From veteran Kory Lichtensteiger to rookie Brandon Scherff, the offensive line is already feeling the offseason changes, including Bill Callahan's presence.
Long after the rest of their teammates had gone inside Tuesday following the official end to the first OTA session of the 2015 season, offensive line coach Bill Callahan had his players running through extra drills.
A countdown of the Top 10 images of Redskins center Kory Lichtensteiger during the 2014 season.
This extension of one-on-one coaching from actual practice session is indicative of the culture Callahan is trying to set.
Center Kory Lichtensteiger – who is entering his sixth season with the Redskins – said gone are the days of breaks during practice.
Instead, even during the time when special teams takes over the practice fields, Callahan has the offensive line doing something to improve their game.
"We don't sit down and take a knee and watch special teams anymore," Lichtensteiger told reporters Tuesday. "We're working straight through. You see how sweaty I am; it's no joke. He's got a good tempo, and he's a very intense coach. We'll definitely get better if we don't die first."
In his first few weeks in the NFL, first-round pick Brandon Scherff has already experience first-hand what makes Callahan one of the best offensive line coaches in the league.
"He works your butt off and he expects a lot out of you," he said. "So you gotta take and do what he does on the field and take that in the team period and work on it on your own some too."
Lichtensteiger said he worked well with former offensive line coach Chris Foerster, but once he heard Callahan was joining the team, he knew the Redskins were getting someone special.
"First of all, it was a bummer for me to have Foerster leave, he was my coach for five straight years," Lichtensteiger said. "I have a deep trust and respect [for him] and I love that guy. So I wasn't happy to see him go, but I was happy after a while that it was announced that it was Bill coming, and that's somebody's who's got a good pedigree with O-lines. I knew we were going to be successful, I was just hoping that he was a Lichtensteiger fan, and so far it's going good."

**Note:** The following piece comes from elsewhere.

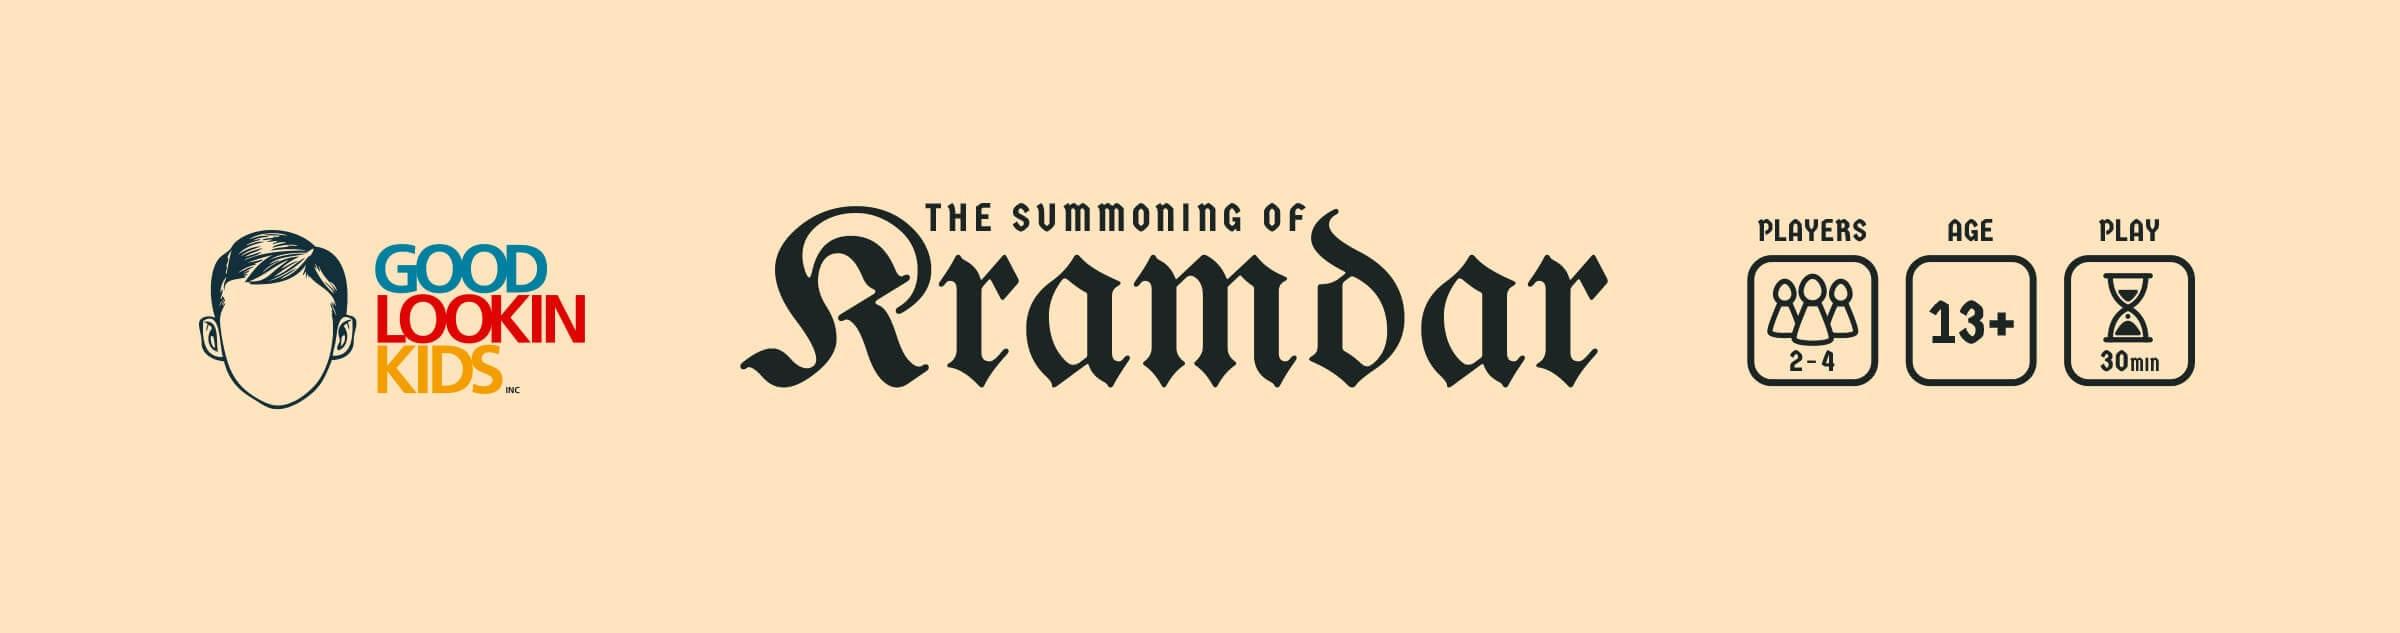 The Summoning of Kramdar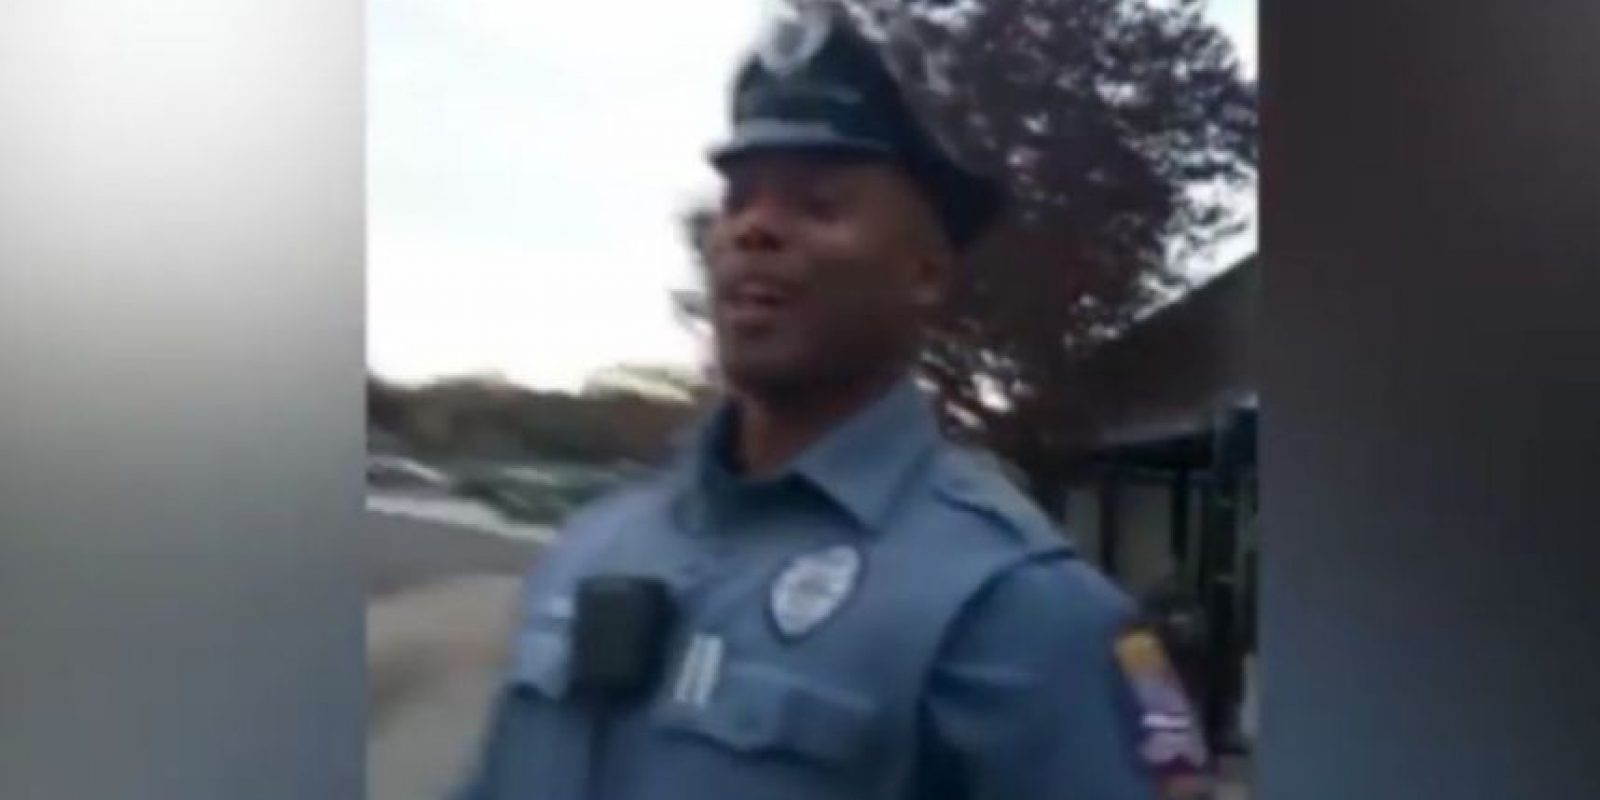 El oficial Kenya Joyner decidió comprarle zapatos a un vagabundo luego que expulsaran al hombre de un autobús. Foto:Vía Youtube

Scherff represents the added depth the Redskins took on this offseason along the offensive line, as he is one of several new faces Callahan and head coach Jay Gruden get to work with on an everyday basis.
While Lichtensteiger is expected to start at center once again after doing so during the 2014 season, and Pro Bowler Trent Williams and Scherff are considered the team's top two tackles, the Bowling Green product said it's "hard to know who's going to plug in where" with the added competition.
"We have a lot of capable guys," Lichtensteiger said. "Some guys that are inexperienced, we have a lot of rookies right now, but we have some veterans and free agents that we brought in that are guys that have gotten snaps before. I think everybody's adjusting pretty quickly to the new terminology. I think across the board we have guys that are working really hard to study and work really hard on the field to impress different coaches."
Scherff echoed Lichtensteiger's sentiment, saying that whether you're a starter of a reserve player, everyone will make the unit better.
"We're just going to come out here and work each other's butts off," he said. "You know whether you're going to be a rep man for the guy, or you're going to provide the best look for them, and vice versa. So you just have to come out here each day and try to get better."